Peg Bracken, sassy author who skewered cuisine, dies at 89
05.11.2007 09:36
Peg Bracken, 89, who wrote witty best-selling books tweaking the pretensions of gourmet-food preparation and proper etiquette, died Oct. 20 at her home in Portland. She had a lung ailment.
Ms. Bracken was an advertising copywriter before "I Hate to Cook Book" (1960) sold a reported 3 million copies and established her as an authority on resourceful cooking. The book became a staple for housewives with little interest in cooking beyond what they could scrounge from an understocked pantry.
She aimed for an audience that shared her dislike for women's magazines that set an impossible standard by offering tantalizing but impossibly opulent recipes suitable for Henry VIII's banquets.
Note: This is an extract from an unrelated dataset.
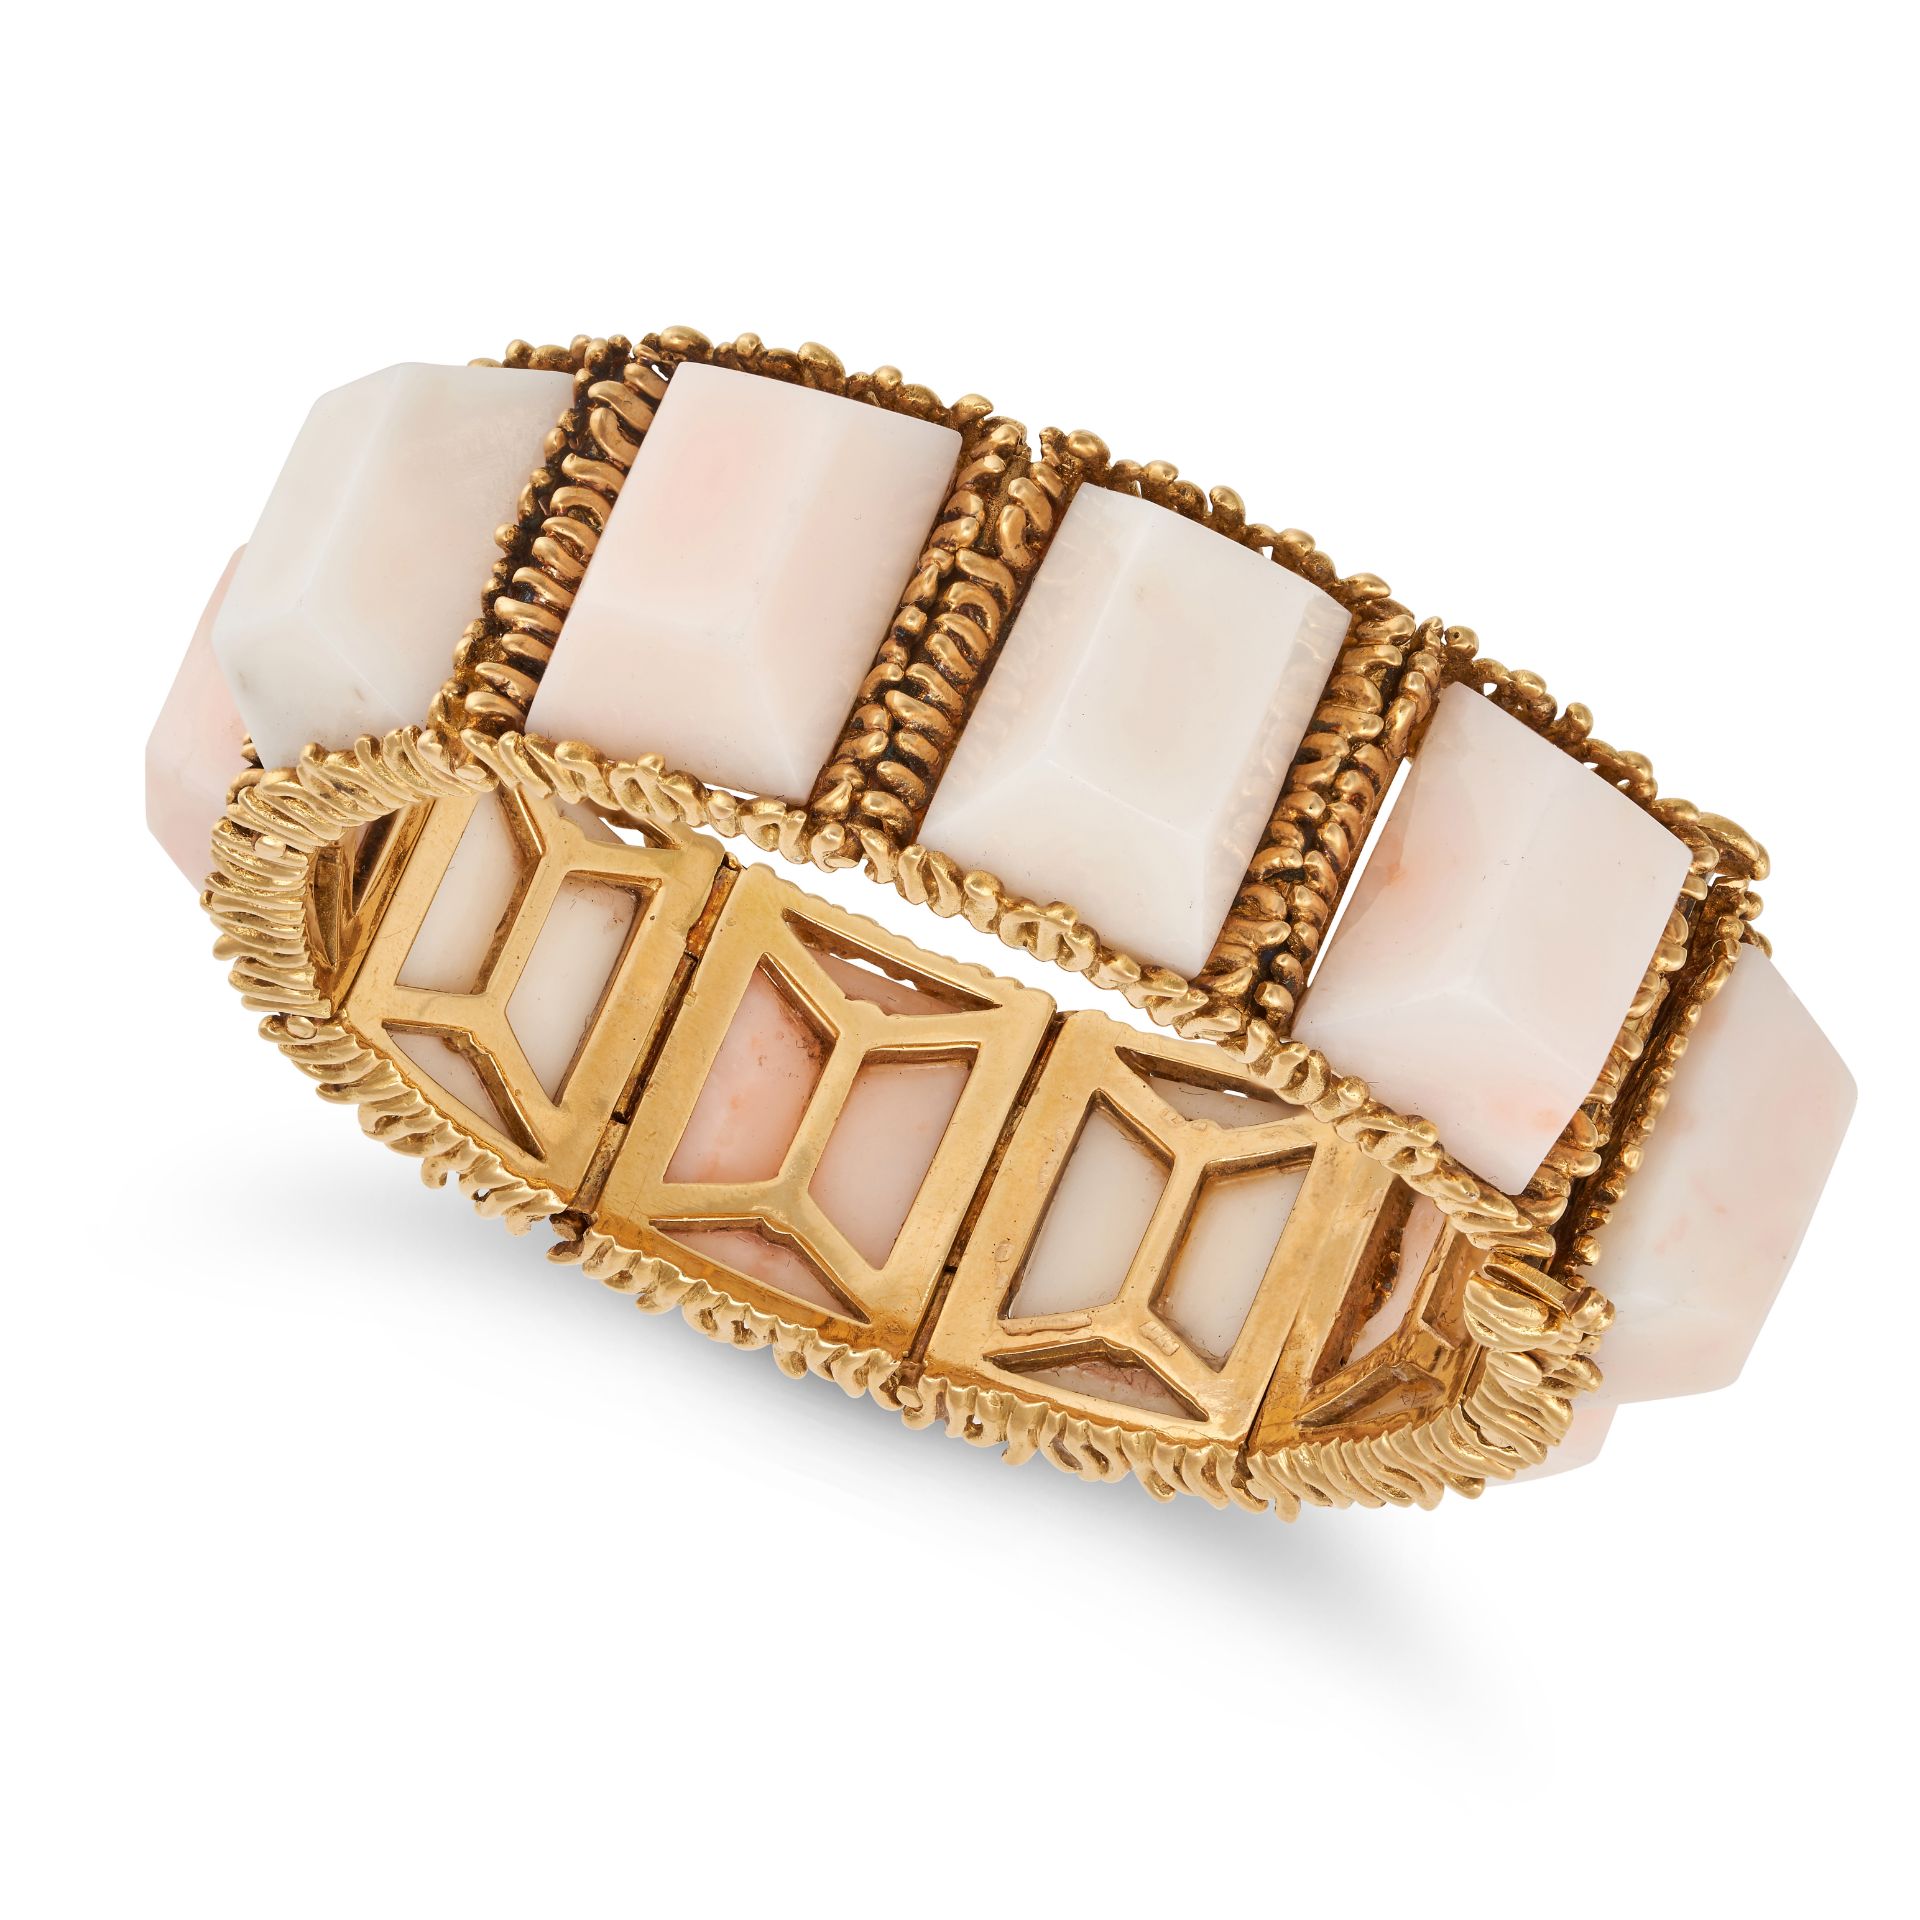 TIFFANY & CO., A FINE VINTAGE CORAL BRACELET in 18ct yellow gold, set throughout with geometric c... - Bild 3 aus 3
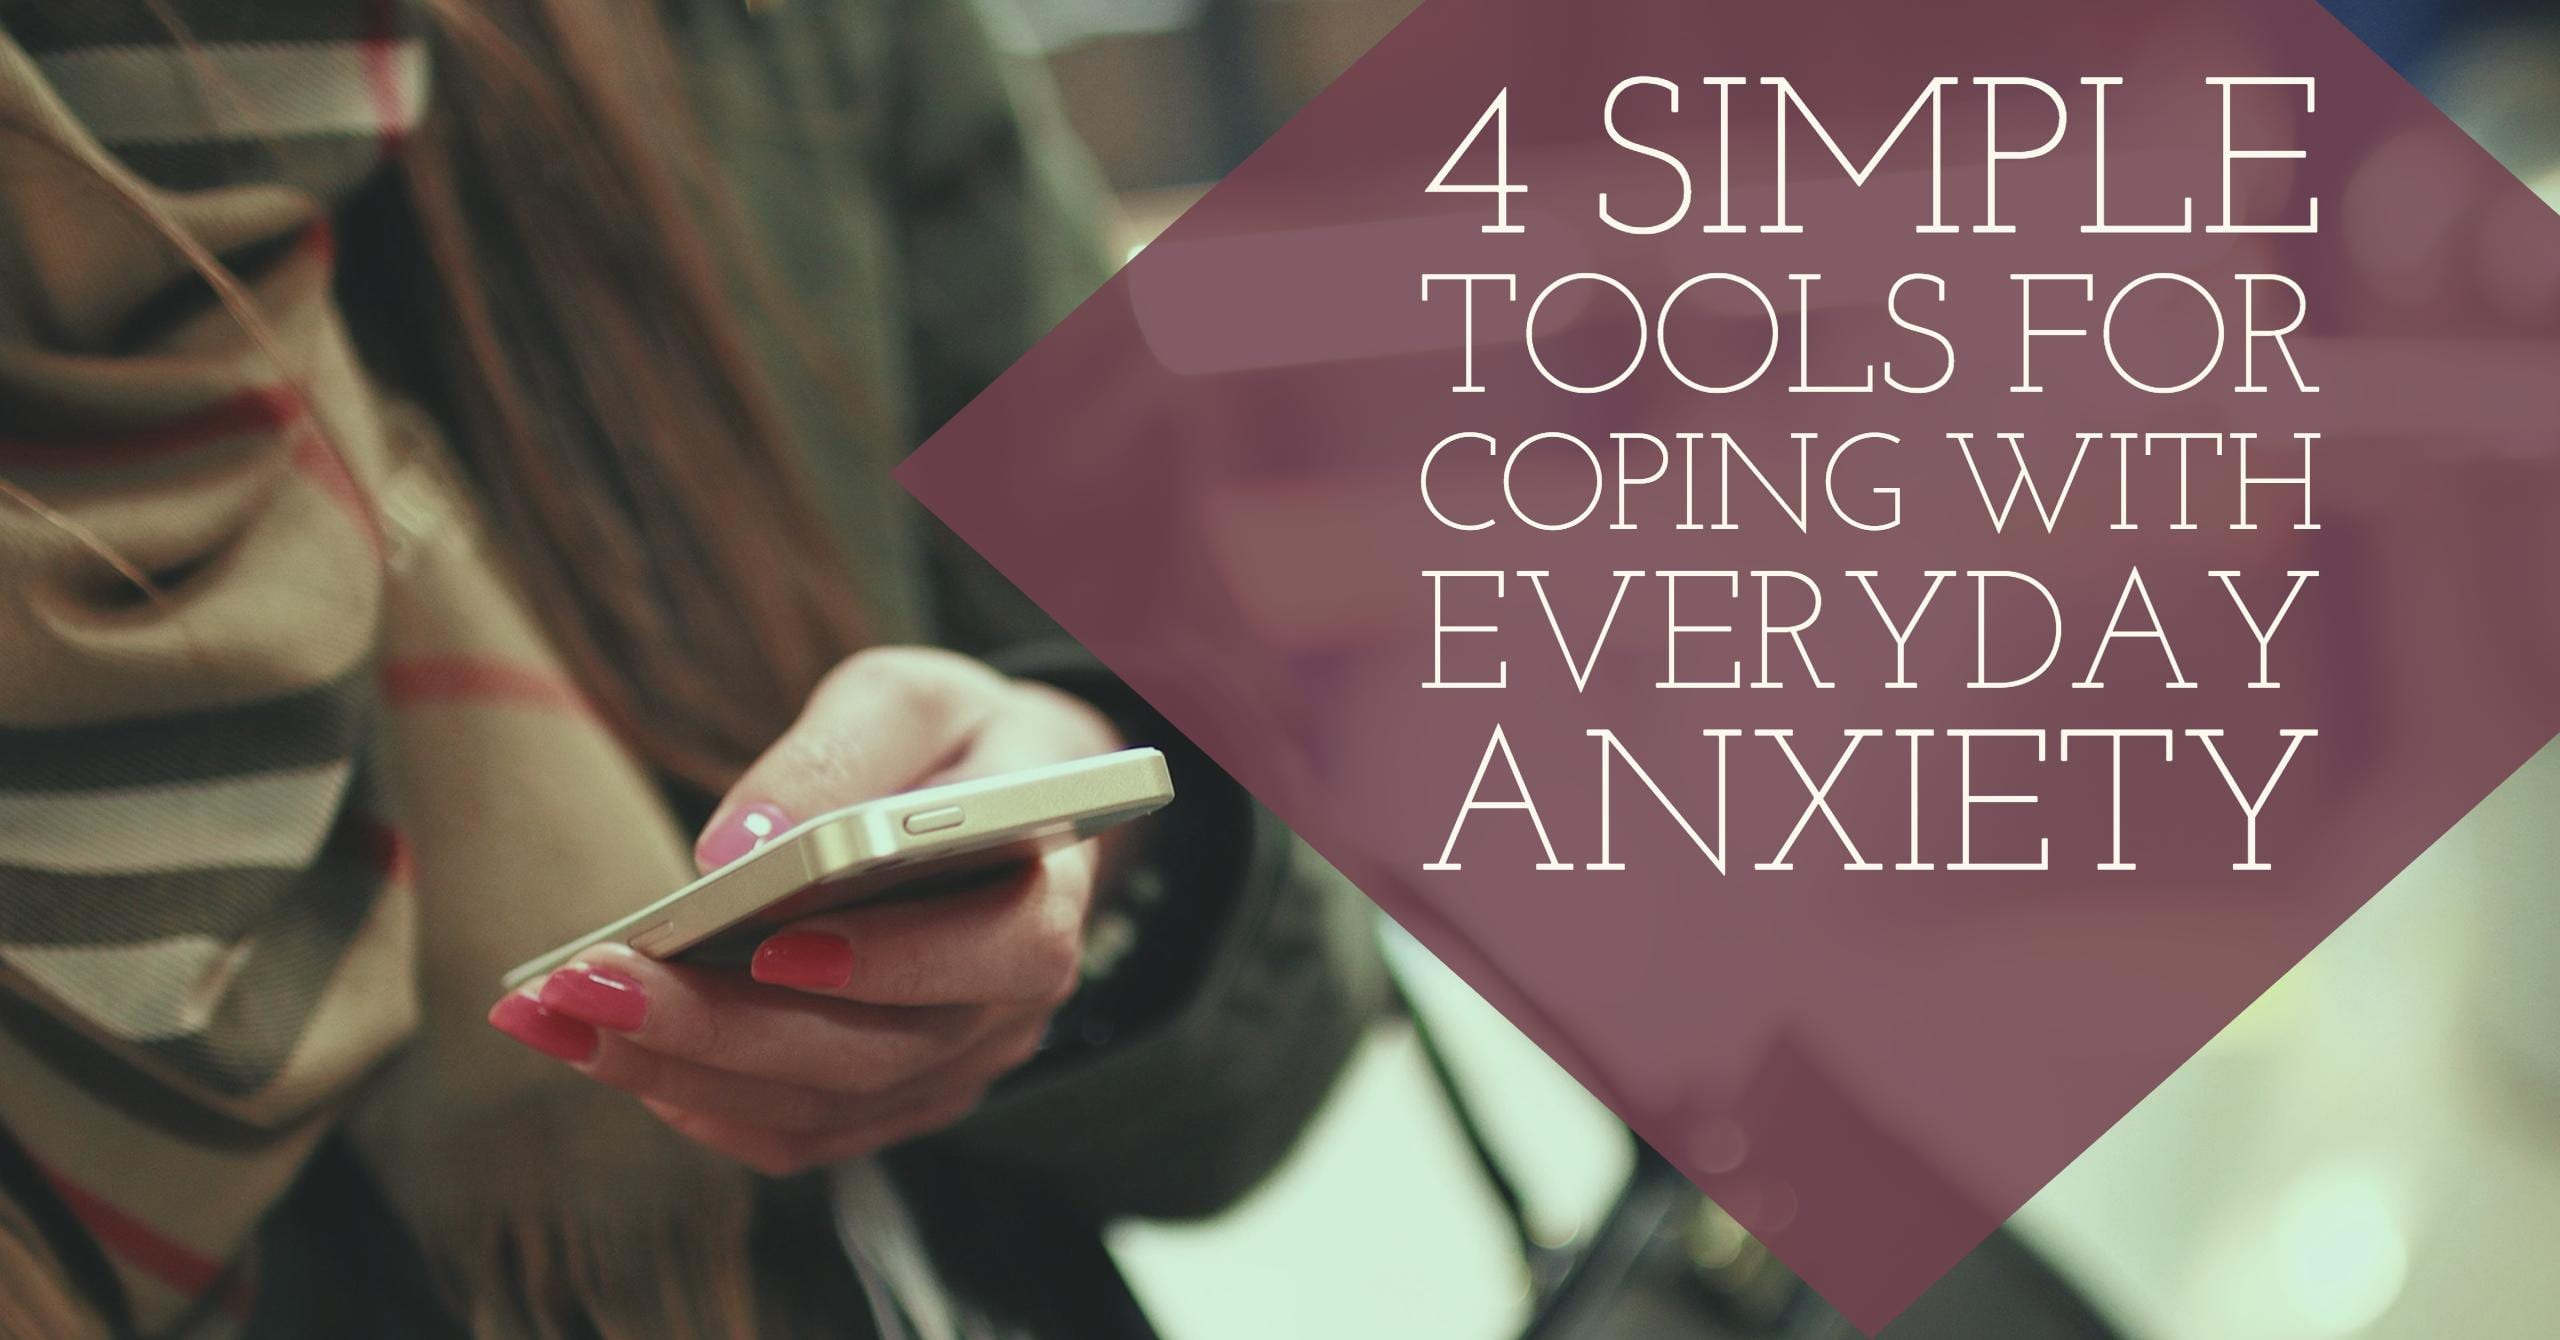 4 Simple Tools For Coping With Everyday Anxiety

"We live in a cooking-happy age," she wrote in "I Hate to Cook Book." "You watch your friends redoing their kitchens and hoarding their pennies for glamorous cooking equipment and new cookbooks called 'Eggplant Comes to the Party' or 'Let's Waltz Into the Kitchen,' and presently you begin to feel un-American."
She emphasized convenience over the fresh ingredients and time-consuming preparation pushed by the gourmet school of thinkers, including Julia Child and James Beard.
"I Hate to Cook Book" gave a green light to canned vegetables and promoted mushroom soup to cover up mistakes. Throughout, Ms. Bracken offered recipes written with a nod to the weary housewife.
To make "Skid Road Stroganoff": "Add the flour, salt, paprika and mushrooms, stir, and let it cook five minutes while you light a cigarette and stare sullenly at the sink."
She warned against condiment overkill, writing that "a lot of people feel that anything peppered should look as though it had been fished out of a gravel pit."
She also dispensed tongue-in-cheek semantic advice. For example, she told readers that to say "garnish with crispy bacon curls" made one appear more knowledgeable in the kitchen than to say "top with bacon."
Ms. Bracken's cookbook received favorable reviews, although it rarely has been a favorite of purists. Decades later, food writer Miriam Ungerer said the book was "still around, pandering to the slothful."
Ruth Eleanor Bracken was born Feb. 25, 1918, in Filer, Idaho, and reared in Clayton, Mo. She graduated in 1940 from Antioch College in Ohio and changed her name to Peg "out of thin air," she said, when she began looking for work.
Ms. Bracken wrote fashion copy for an advertising company in Portland and contributed light verse to newspapers and magazines.
She arrived at the cookbook idea with a group of professional women who called themselves the Hags. They pooled their recipes, with Ms. Bracken making edits and writing the overall text. Problems arose when it came time to find a publisher.
She told The New York Times in 1964: "Male editors were afraid of it because they were convinced that women regarded anything that had to do with cooking very seriously and would not stand for an attitude that was the least bit flippant."
Her husband at the time, a writer named Roderick Lull, was "totally discouraging" of her idea, she later told The Washington Post. "Of course, when the first royalty check came, he had to eat a huge platter of crow — French-fried or oven-baked, because that's the easiest," she said.
Ms. Bracken wrote follow-up cookbooks as well as "The I Hate to Housekeep Book" (1962) and a guide to personal conduct called "I Try to Behave Myself" (1964).
Her other books included a memoir, "A Window Over the Sink" (1981), and a collection of essays, "On Getting Old for the First Time" (1997), the second co-written with the fictional Emily Bracken, whom she dubbed her "verse-addicted companion."
Peg Bracken also wrote columns for newspapers and magazines, including Family Circle, and was a pitchwoman in television commercials for Birds Eye frozen vegetables in the late 1960s and early '70s.
Her marriages to Lull and Mike Smith ended in divorce. Her third husband, artist Parker Edwards, died in 1988.
Survivors include her fourth husband, John Ohman, of Portland, whom she married in 1991; a daughter from her second marriage, Johanna Bracken, of Long Beach, Calif.; three stepchildren, Ann Fragale, of Great Falls, Va., Jim Ohman, of Farmingville, N.Y., and Jack Ohman, of Portland; and 11 grandchildren.